Артур слышит гнусный, глумящийся голос Шестерки… И продолжает молчать в ответ. Сейчас, сейчас он ответит, но не сразу. Потому что, пропади все пропадом, ему смертельно необходимо – в последний раз! – увидеть ту, что в красном платье. Как она рвется к кому-то! К кому?! Это же – любовь… Такое – не повторяется. Это надо увидеть.
Приникнув щекой к винтовке, он ищет красное пятно в толпе, находит, наводит резкость. Ах, если б эта старая винтовка была фоторужьем… Какой бы у Артура вышел кадр! Никогда, никто его не увидит… Артур отрывается от прицела, от красного платья Марии. Он прижимает рацию к уху. И отчетливо слышит голос, предназначенный ему:
– Восьмой! Восьмой! Ответь Шестому! Ответь Шестому! Прием!
Что-то щелкает в голове Артура, как в автомате, снятом с предохранителя. И, не успев удивиться, он слышит, как отчетливо, и в рации, и с небес, летит его собственный голос.
– Шестой, Восьмой на связи! Восьмой на связи! Прием.
И вся площадь, все разом выдыхают спертый ожиданием воздух – они слышат голос снайпера. В абсолютной тишине Масхара поворачивается к Чико:
– Ну вот. Слышишь? Доказывать дальше?
Чико молчит.
– Хватит! Не надо дальше! – это кричит Нина. Она стоит, обняв подушку, и вопит: – Хваа-атит! Дядя Гено, Чико уже поверил! Чико – скажиии!..
И площадь начинает кричать сотнями голосов:
– Дальше! Дальше!..
– Провокация!
– Прекратите!
– Дети, все ко мне, уходим!..
А сквозь толпу все ближе и ближе продираются к трибуне амбалы с дубинками.
Генрих уже не смотрит на них. Он знает – они не успеют. Он продолжает говорить со снайпером:
– Восьмой, посмотри на трибуну. Видишь клоуна в белой рубахе? Прием.

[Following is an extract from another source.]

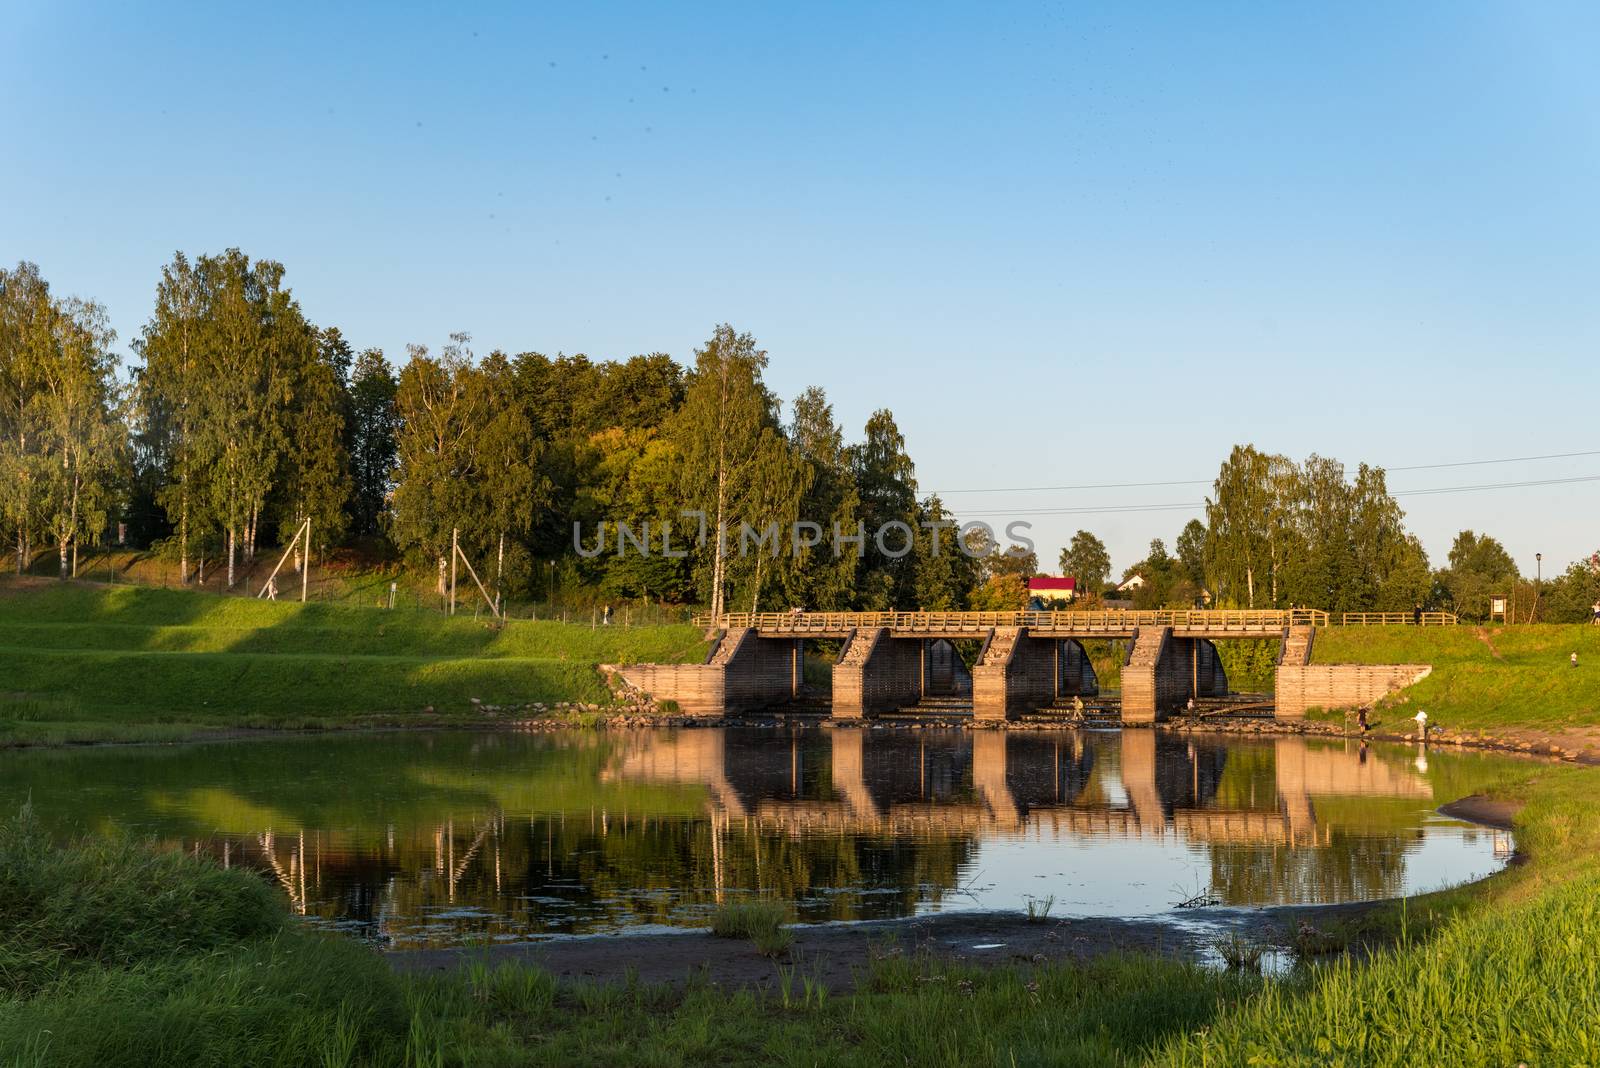 Newly restored elements of historical Tikhvin water system - wooden sluice. One of the landmark of Tikhvin, Russia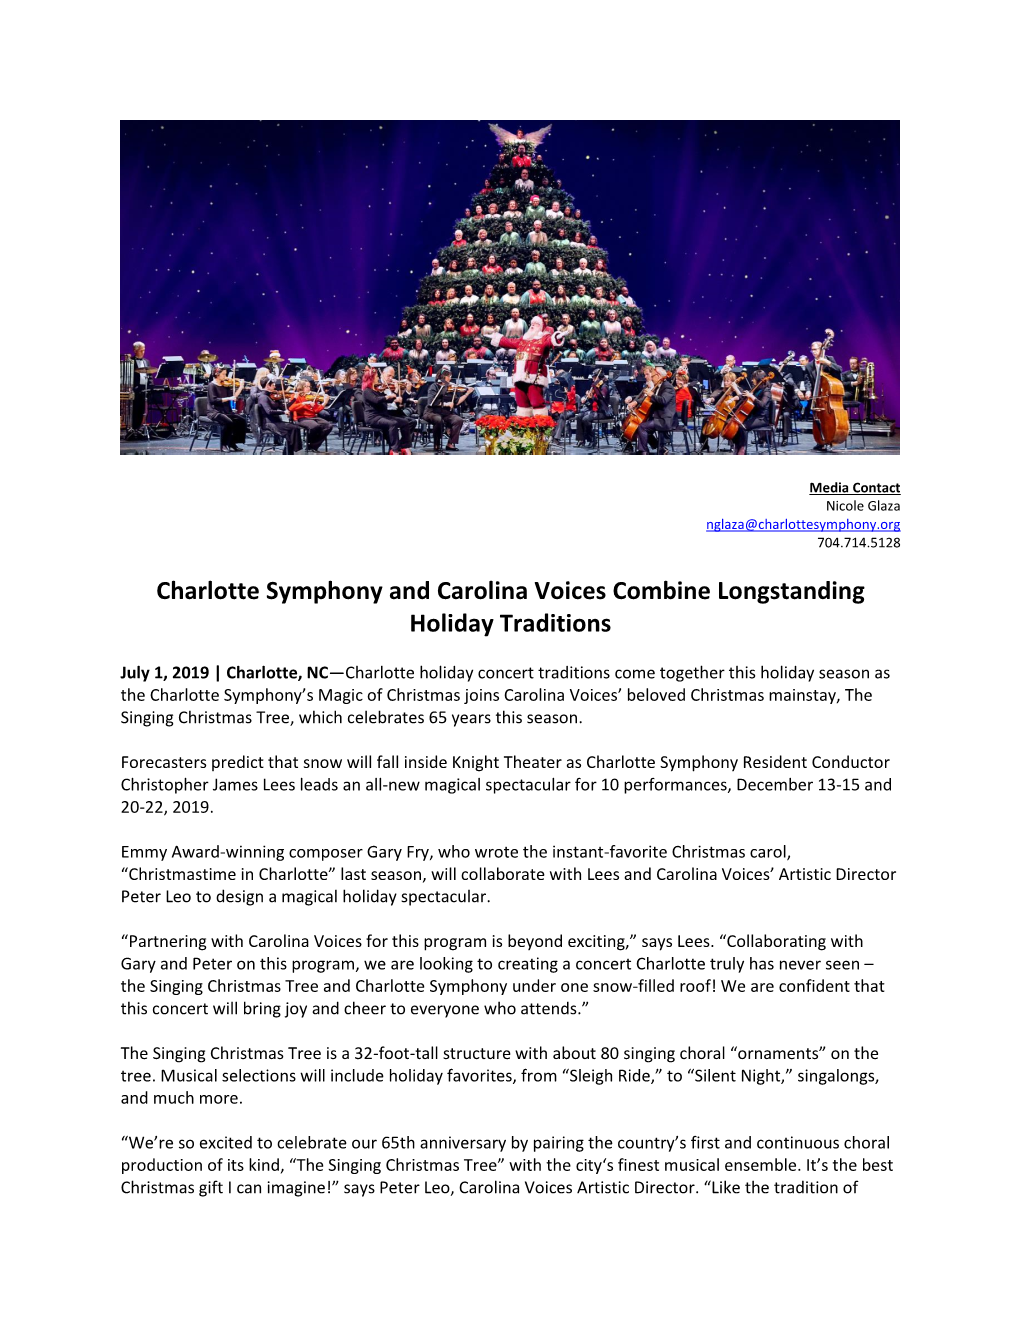 Charlotte Symphony and Carolina Voices Combine Longstanding Holiday Traditions

Артур отвечает на всю площадь:
– Шестерка, вижу клоуна! Я его знаю, это Масхара!
– Восьмой, принимайся за работу… – требует Генрих. – Бери придурка на прицел. Прием.
– Шестерка, я Восьмой, мне говорили о другой цели!.. О другооой!!
И Генрих отвечает ему сокрушенно:
– Сценарий изменился. Целься, в кого говорю!
Генрих снова набирает полные легкие, его голос звучит уверенно:
– Восьмой, я Шестой, слушай мою команду. Выстрел – на цифре три. Проверь винтовку!.. Готовсь! Начинаю отсчет.
– Я верю! Не смей! – раздается крик Чико.
Генрих Масхара не слышит мальчика, он занят делом. И – нет, ему не страшно. Он разве что любопытство испытывает… и печаль. Вот его толстое неподвижное лицо с синяком под мерцающим глазом попадает в прицел винтовки, он смотрит прямо в глаз Артура.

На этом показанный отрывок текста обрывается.